* **WHAT NEEDS TO BE DONE**
Take the line containing "Hummingbird Pattern Short Sleeve Shirt" and every line after it to the end of the material below; reproduce them exactly, without pictures.

* **RECORDED INFORMATION**
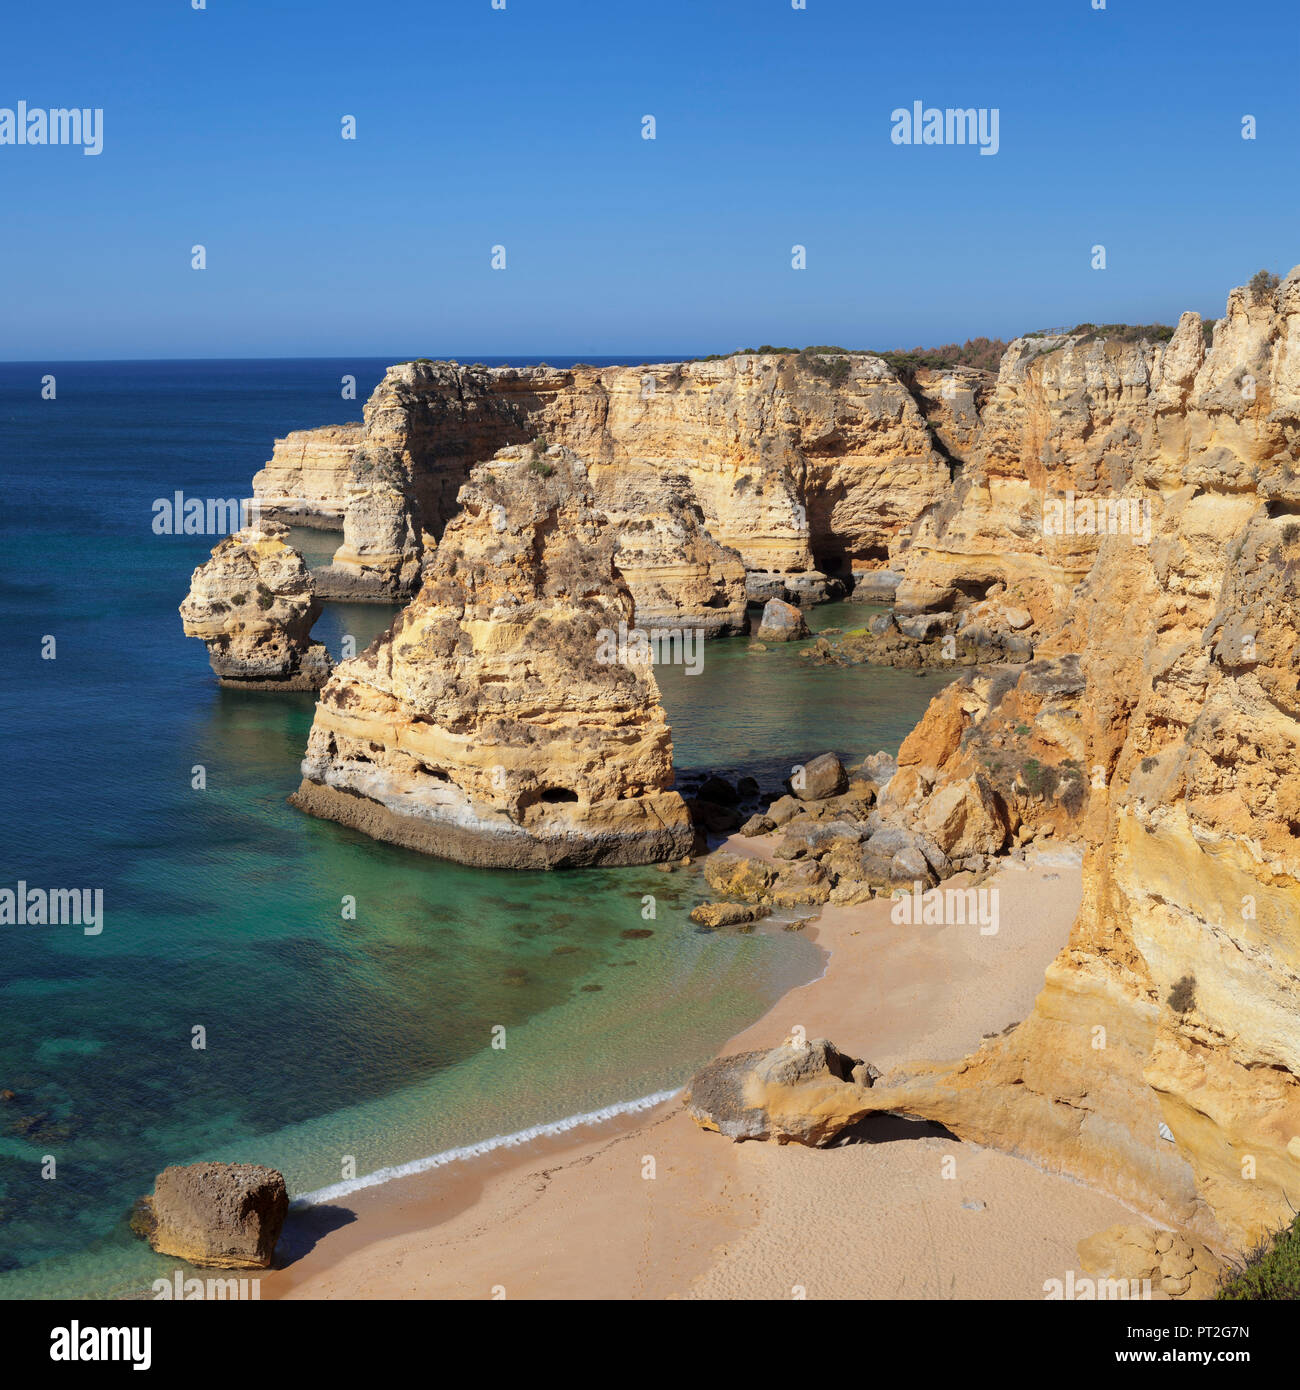 Praia da Marinha beach, rocky coast, at Lagoa, Algarve, Portugal Stock Photo
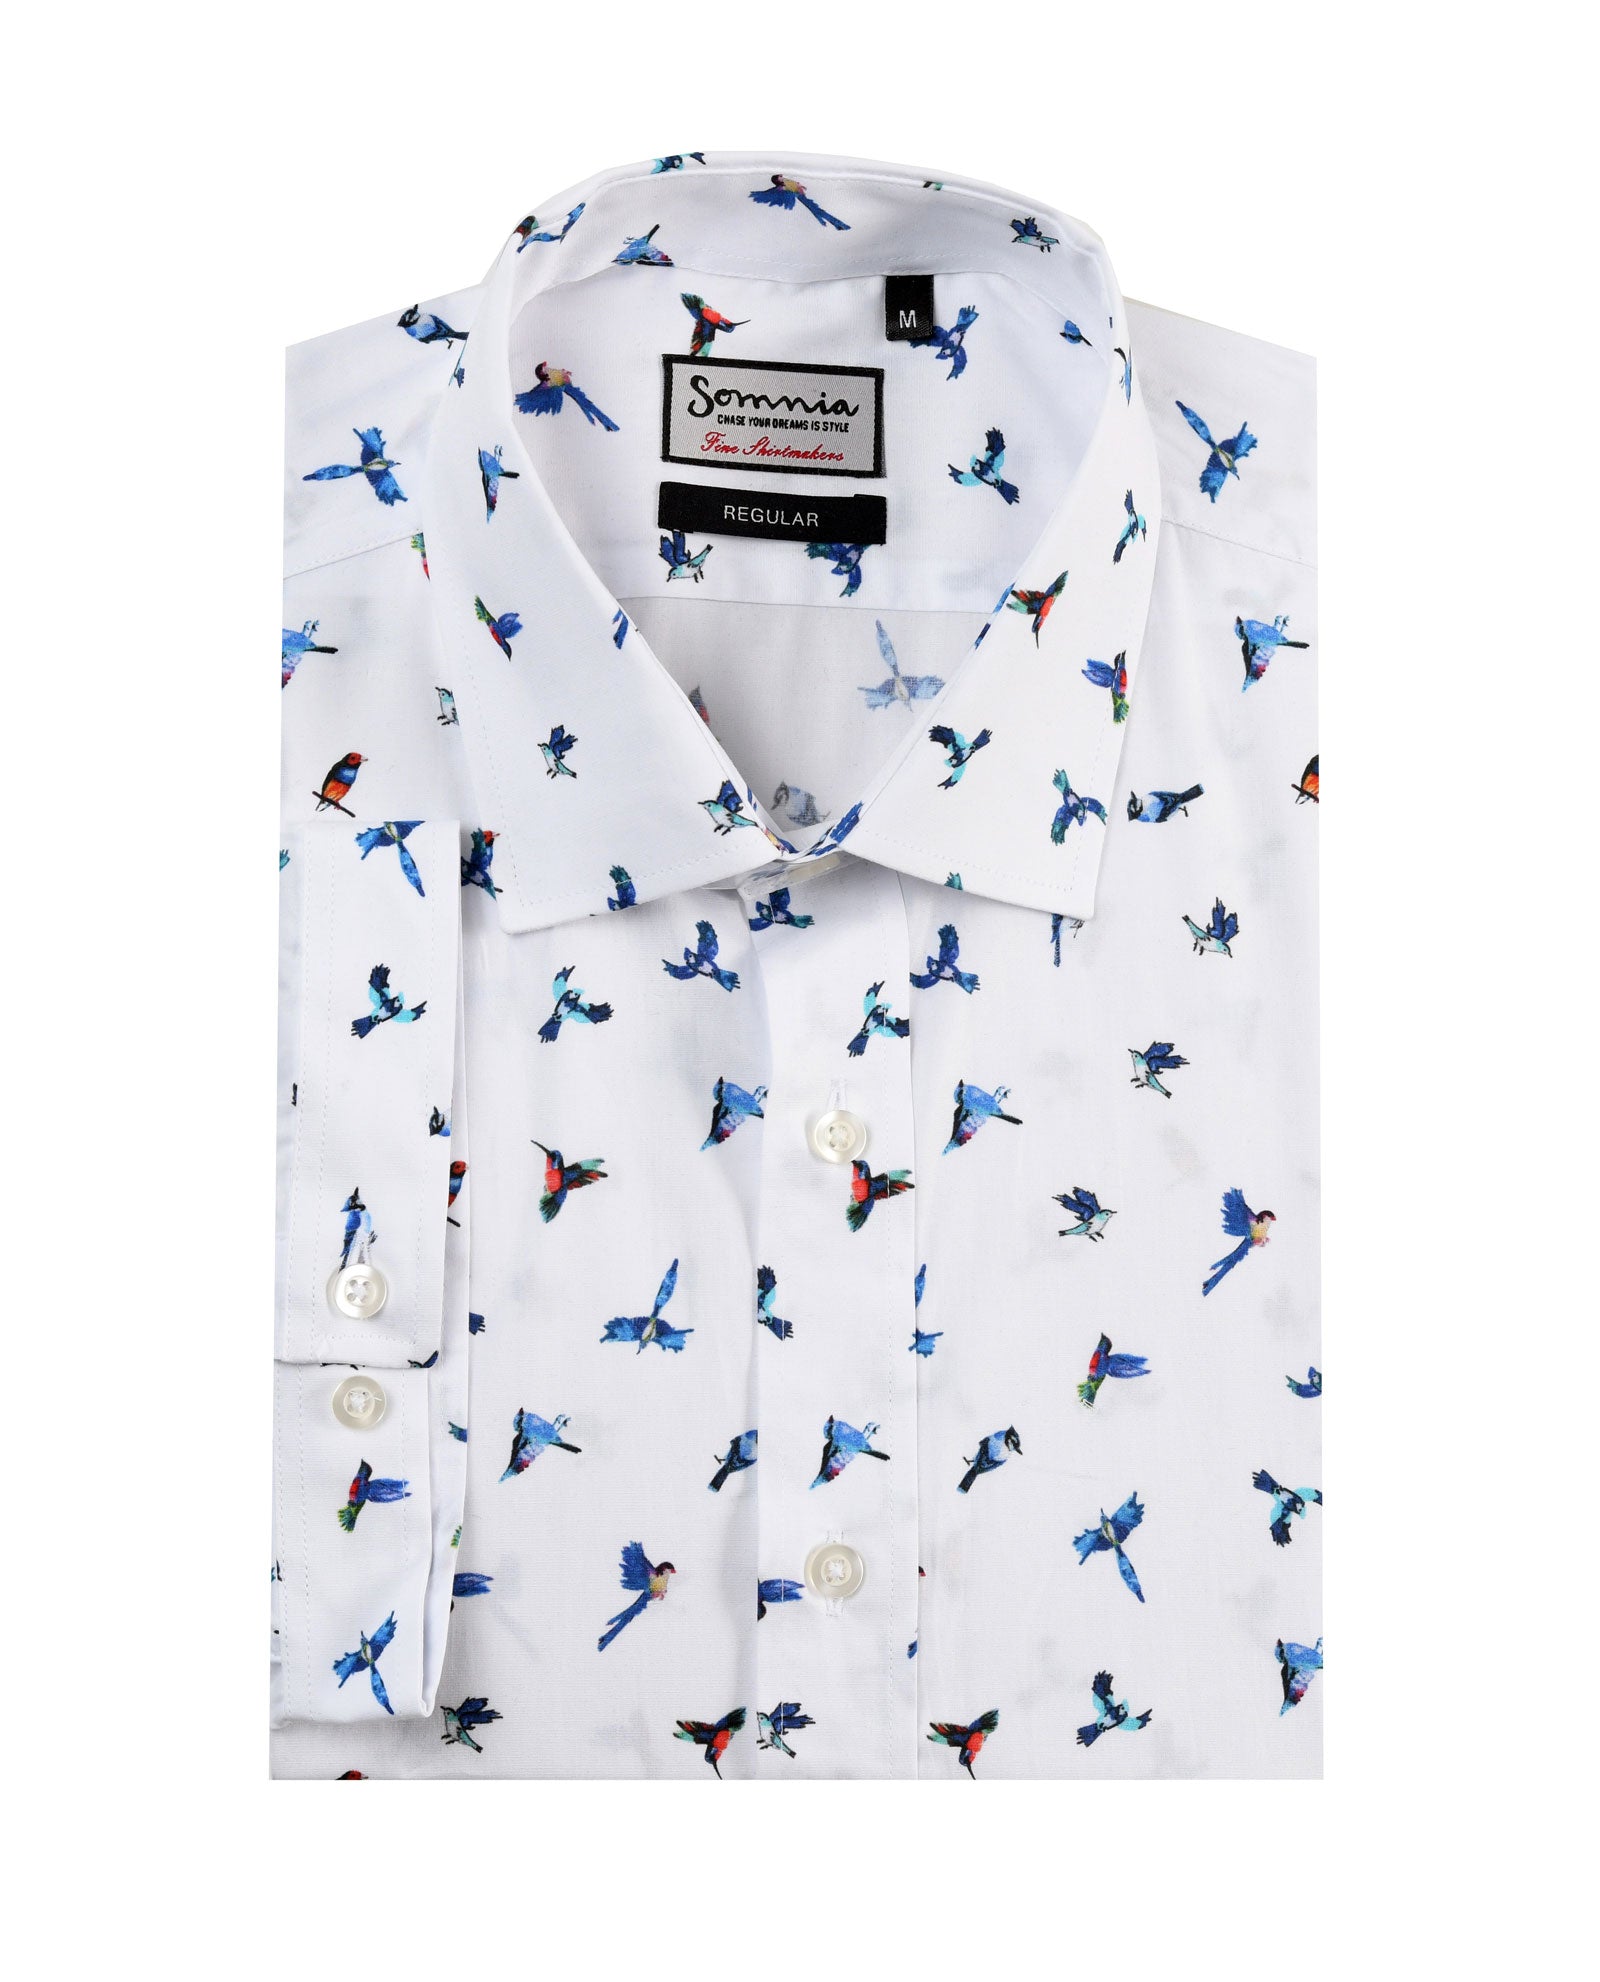 Hummingbird Pattern Short Sleeve Shirt
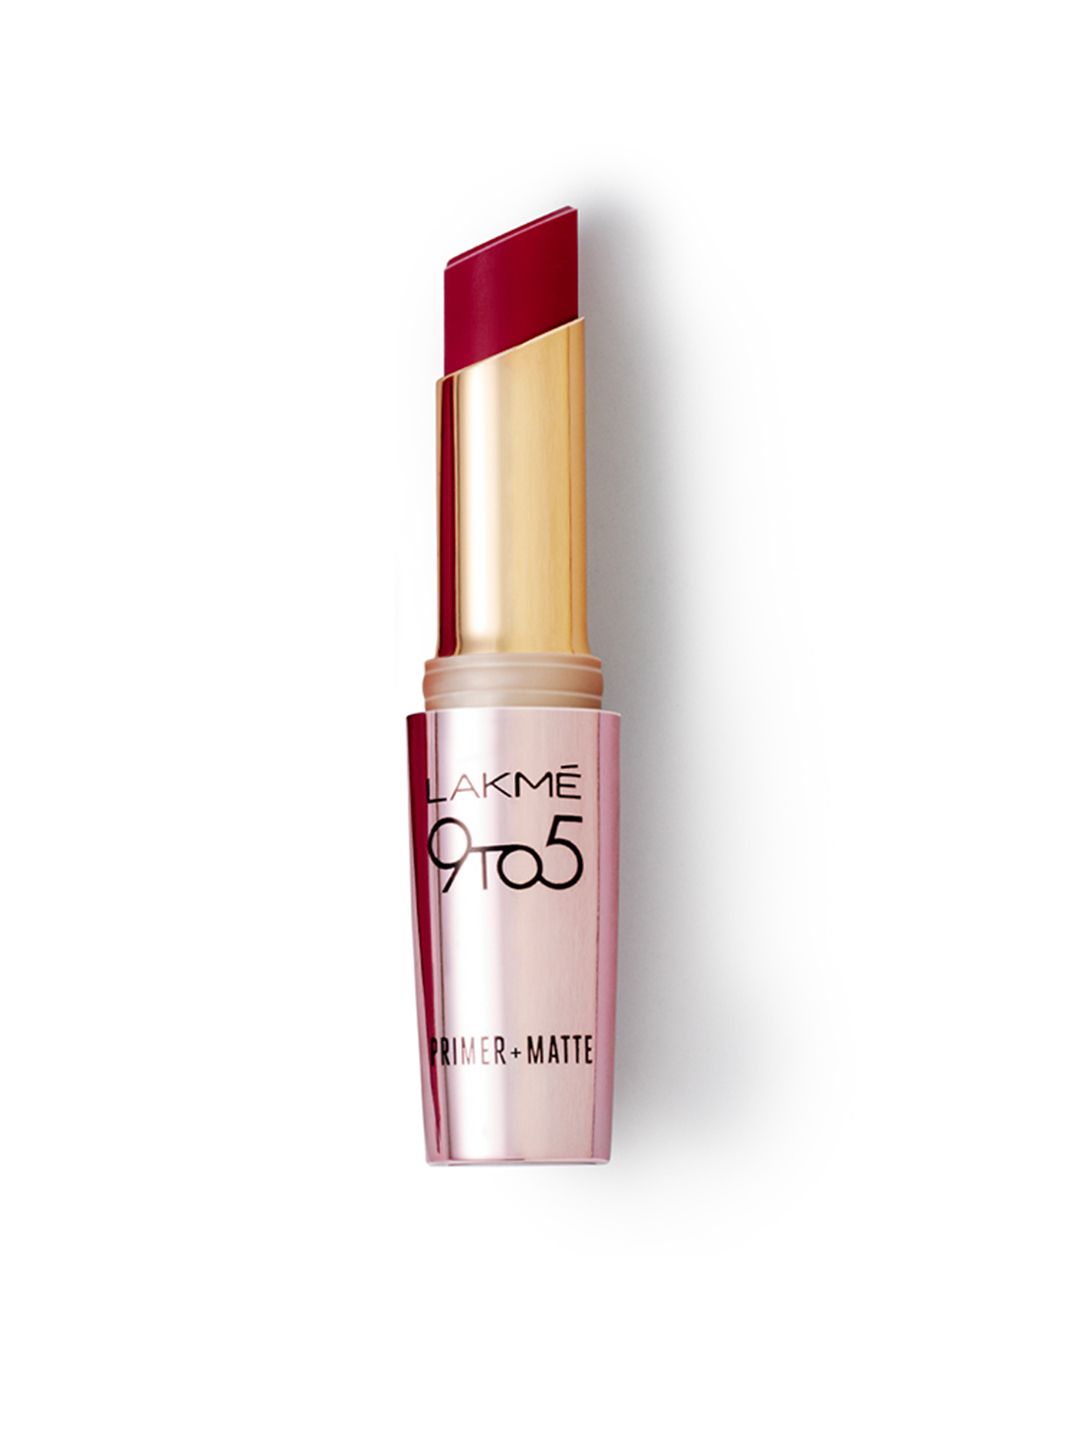 Lakme 9 to 5 Primer + Matte Lipstick-Burgundy Passion MR13 Price in India

* **ANSWER FOR THIS EXERCISE**
 Hummingbird Pattern Short Sleeve Shirt
 Lakme 9 to 5 Primer + Matte Lipstick-Burgundy Passion MR13 Price in India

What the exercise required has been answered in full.